Look through the records below for the line with "TV Set On A" and the line with "下線松ドキュメンタリードクタージャルトゥ(Dr.Jart+) シカフェアリコボ 50ml", then return those lines and all lines between, exactly.

── Provided material ──

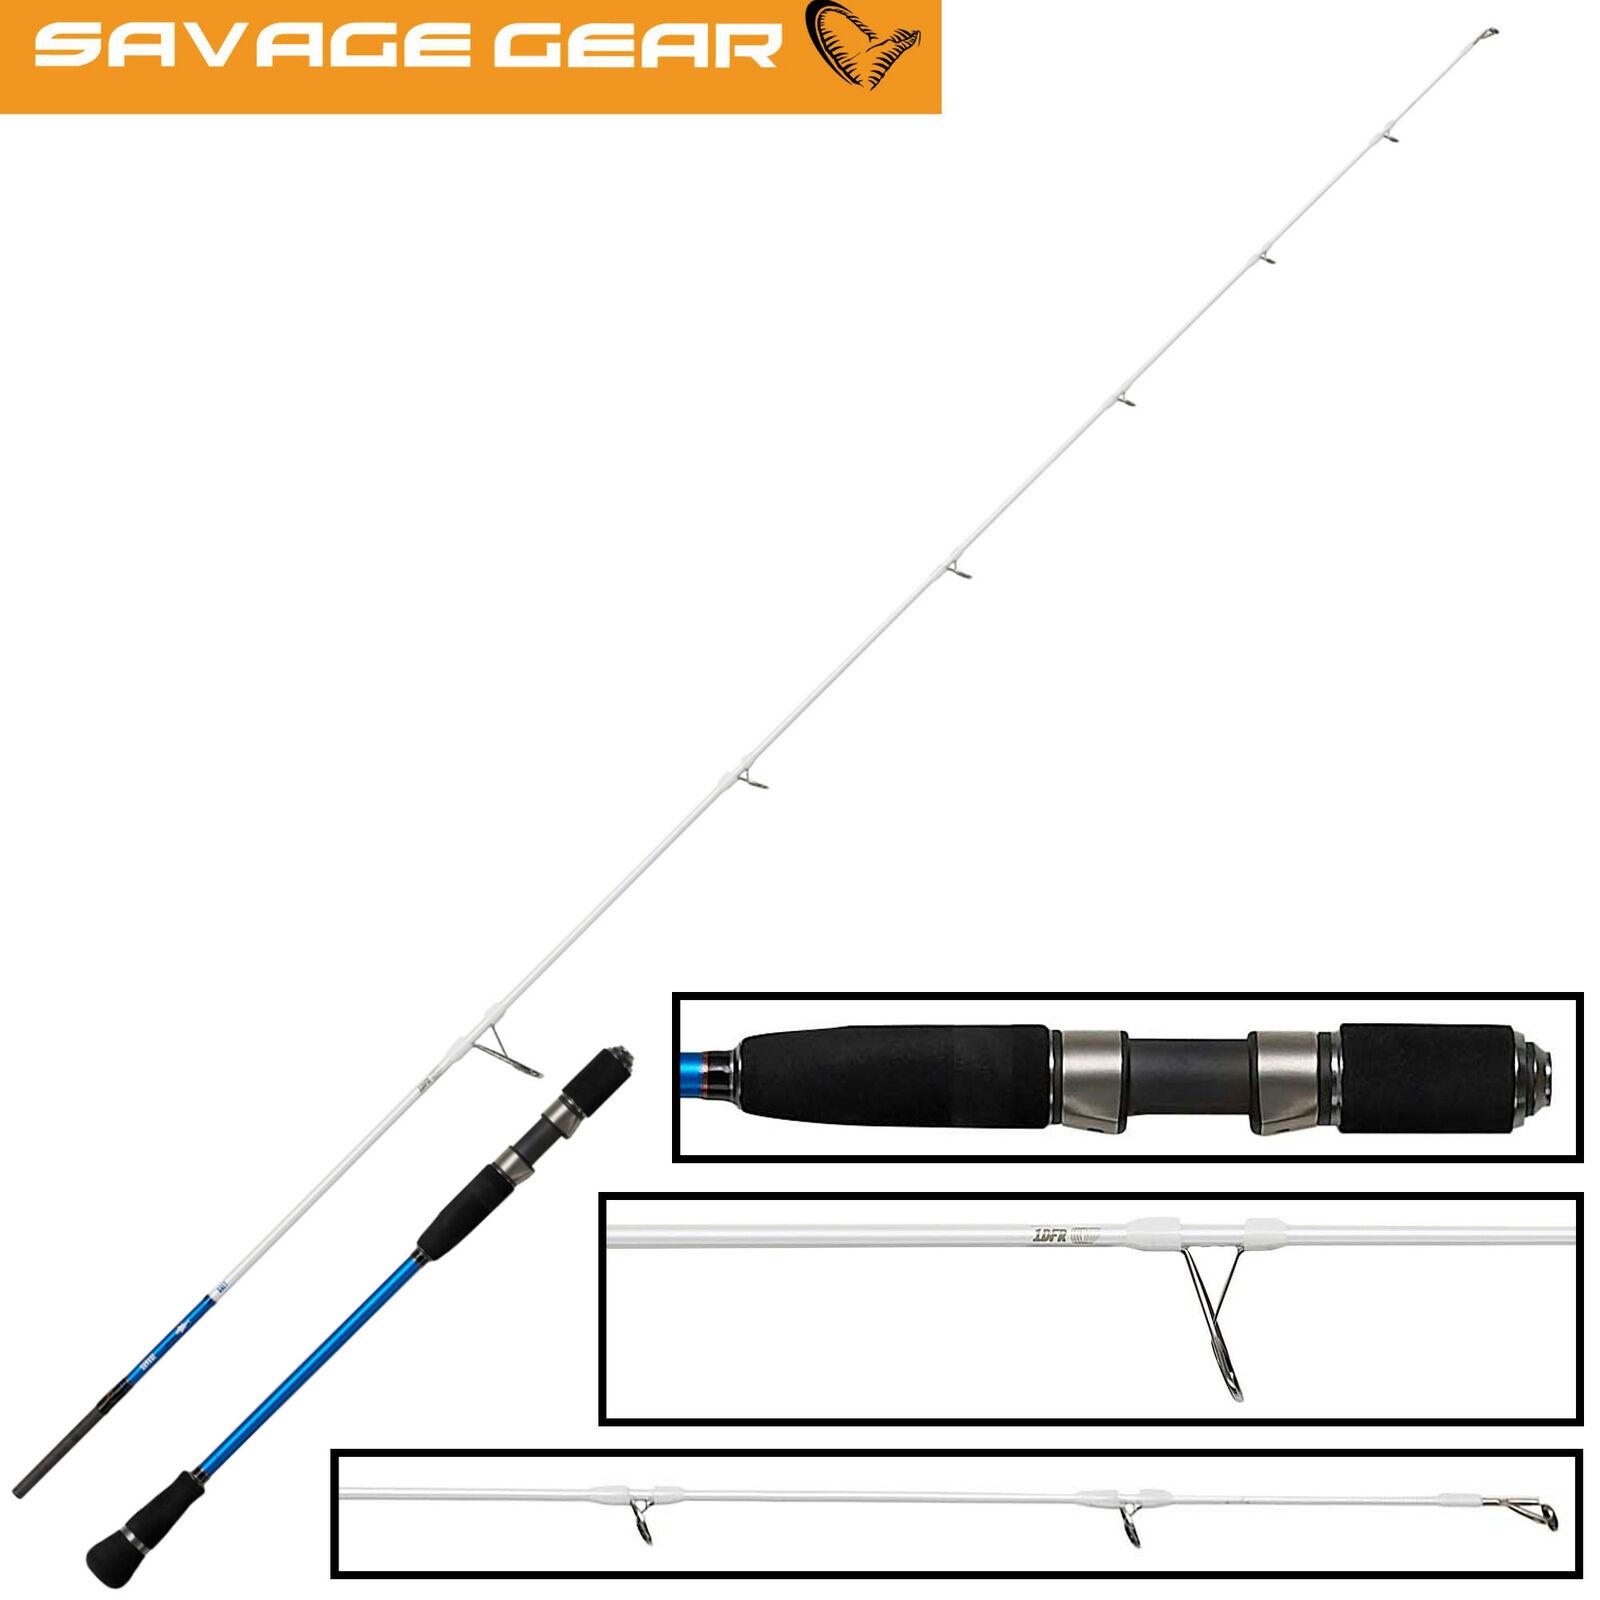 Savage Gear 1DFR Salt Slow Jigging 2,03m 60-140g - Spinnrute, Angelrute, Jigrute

───
── Provided material ──

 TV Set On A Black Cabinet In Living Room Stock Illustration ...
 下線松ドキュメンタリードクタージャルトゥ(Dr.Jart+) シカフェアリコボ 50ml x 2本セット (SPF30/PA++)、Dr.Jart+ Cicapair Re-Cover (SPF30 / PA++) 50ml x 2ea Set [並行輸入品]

───

Result below |
 TV Set On A Black Cabinet In Living Room Stock Illustration ...
 下線松ドキュメンタリードクタージャルトゥ(Dr.Jart+) シカフェアリコボ 50ml x 2本セット (SPF30/PA++)、Dr.Jart+ Cicapair Re-Cover (SPF30 / PA++) 50ml x 2ea Set [並行輸入品]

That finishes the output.